Als Autoimmunerkrankungen werden Krankheiten bezeichnet, an deren Entstehung und Verlauf das Abwehrsystem (Immunsystem) des menschlichen Körpers maßgeblich beteiligt ist. Für die Schilddrüse spielen vor allem zwei Autoimmunkrankheiten eine wichtige Rolle: die Hashimoto-Schilddrüsenentzündung (Hashimoto-Thyreoiditis) und die Basedowsche Krankheit (Morbus Basedow).

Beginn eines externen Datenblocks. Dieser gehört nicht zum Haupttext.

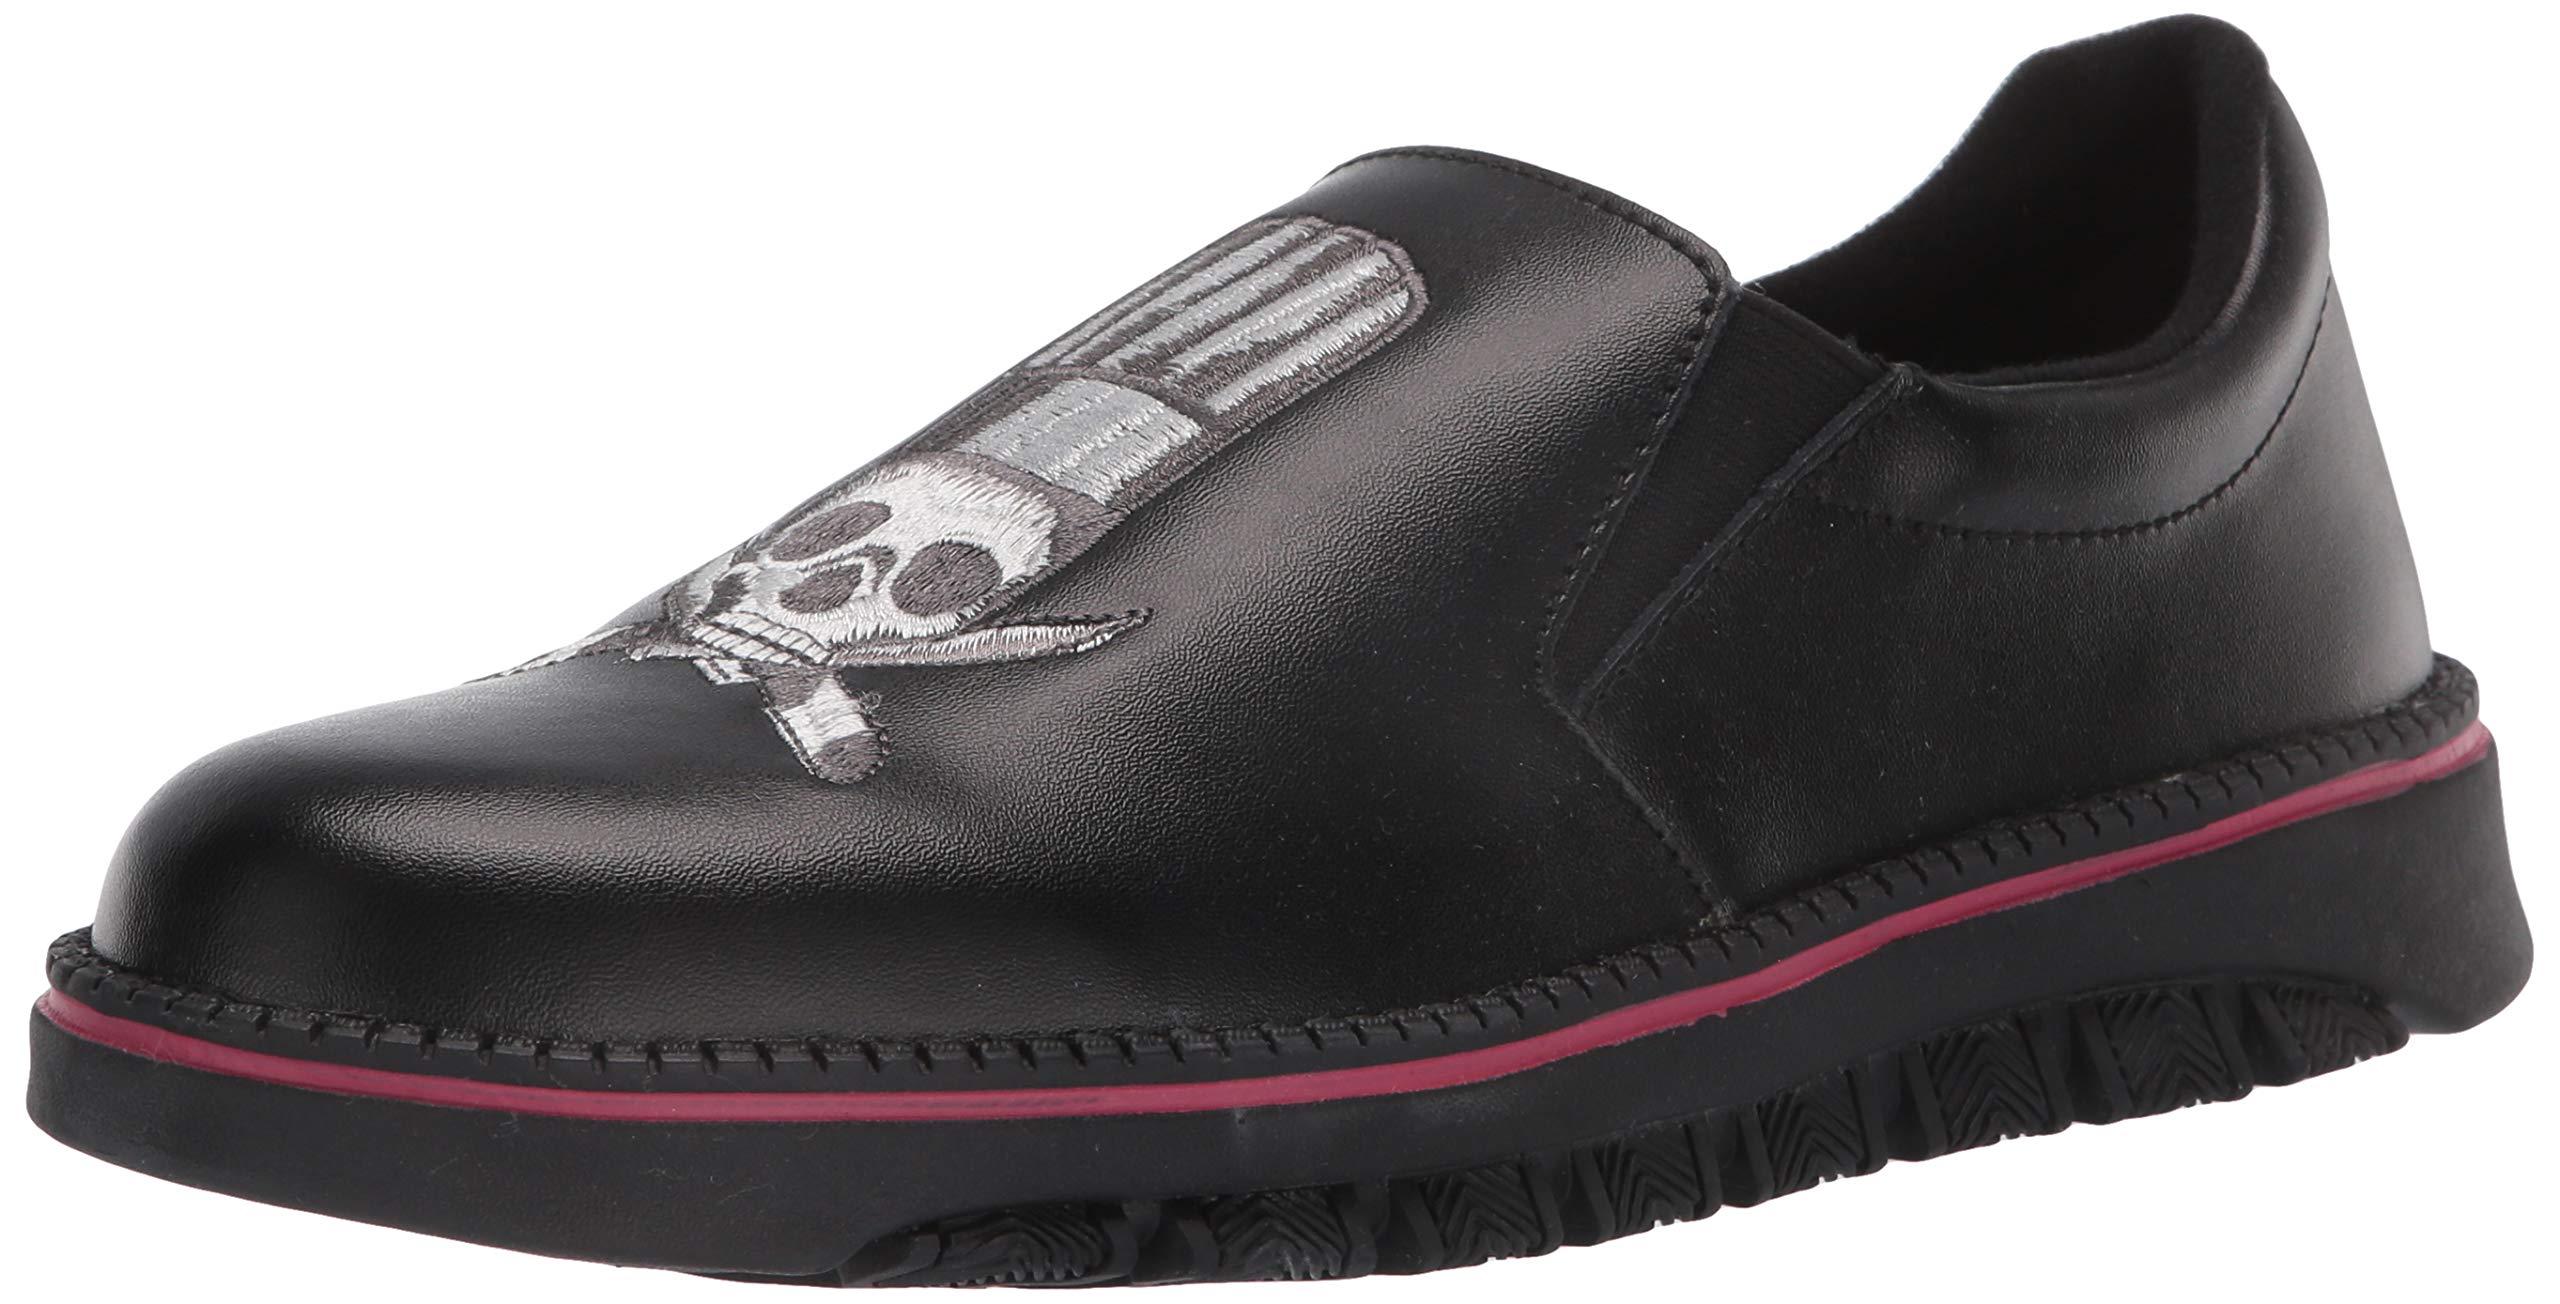 Spring Step Professional Women's Power-Knives Uniform Dress Shoe

Obwohl beide Autoimmunkrankheiten auf eine Fehlfunktion des Abwehrsystems zurückgehen, unterscheiden sie sich doch vollständig hinsichtlich ihres Entstehungsmechanismus’. So kommt es im Fall der Hashimoto-Schilddrüsenentzündung letztendlich zu einer Zerstörung des Schilddrüsengewebes und damit zu einer dauerhaften Schilddrüsenunterfunktion (Hypothyreose). Bei der Basedowschen Krankheit führen die Abwehraktivitäten des Organismus hingegen zu einer verstärkten Aktivität der Schilddrüse, also einer Schilddrüsenüberfunktion (Hyperthyreose).

HASHIMOTO-THYREOIDITIS

Der Name der Hashimoto-Thyreoiditis (auch: chronische oder lymphozytäre Thyreoiditis) geht auf ihren Entdecker, den japanischen Arzt Hakaru Hashimoto zurück, der die Krankheit 1912 erstmals beschrieb.

Häufigkeit

Die Hashimoto-Thyreoiditis ist die häufigste auf eine Erkrankung der Schilddrüse selbst zurückzuführende Ursache einer Schilddrüsenunterfunktion. In Europa betrifft die Erkrankung ein bis zwei Prozent der Bevölkerung so stark, dass Symptome auftreten. Bei weiteren sechs bis acht Prozent kommt es zu einem sog. subklinischen Verlauf, der nicht mit spürbaren Beschwerden einhergeht, wohl aber durch Laboruntersuchungen nachgewiesen werden kann. Frauen sind mehr als doppelt so oft betroffen wie Männer.

Ursachen

Derzeit wird davon ausgegangen, dass die Hashimoto-Thyreoiditis aufgrund einer Kombination von ererbter (genetischer) Anfälligkeit und auslösenden Faktoren ausbricht. Solche Faktoren können z.B. schwere Infektionen durch Viren, Stress oder auch eine übermäßige Jodzufuhr sein. Letztendlich wird das Schilddrüsengewebe durch eine Abwehrreaktion des Organismus gegen die eigene Drüse zerstört.

Verlauf und Symptome

Die Hashimoto-Thyreoiditis verläuft in rund drei Vierteln der Fälle so schwach, dass keine eindeutig auf die Schilddrüse hinweisenden Beschwerden auftreten. Dennoch können auch bei diesen sog. subklinischen Verläufen Einschränkungen der Leistungsfähigkeit und der Lebensqualität vorliegen, die oft schwer zu diagnostizieren sind.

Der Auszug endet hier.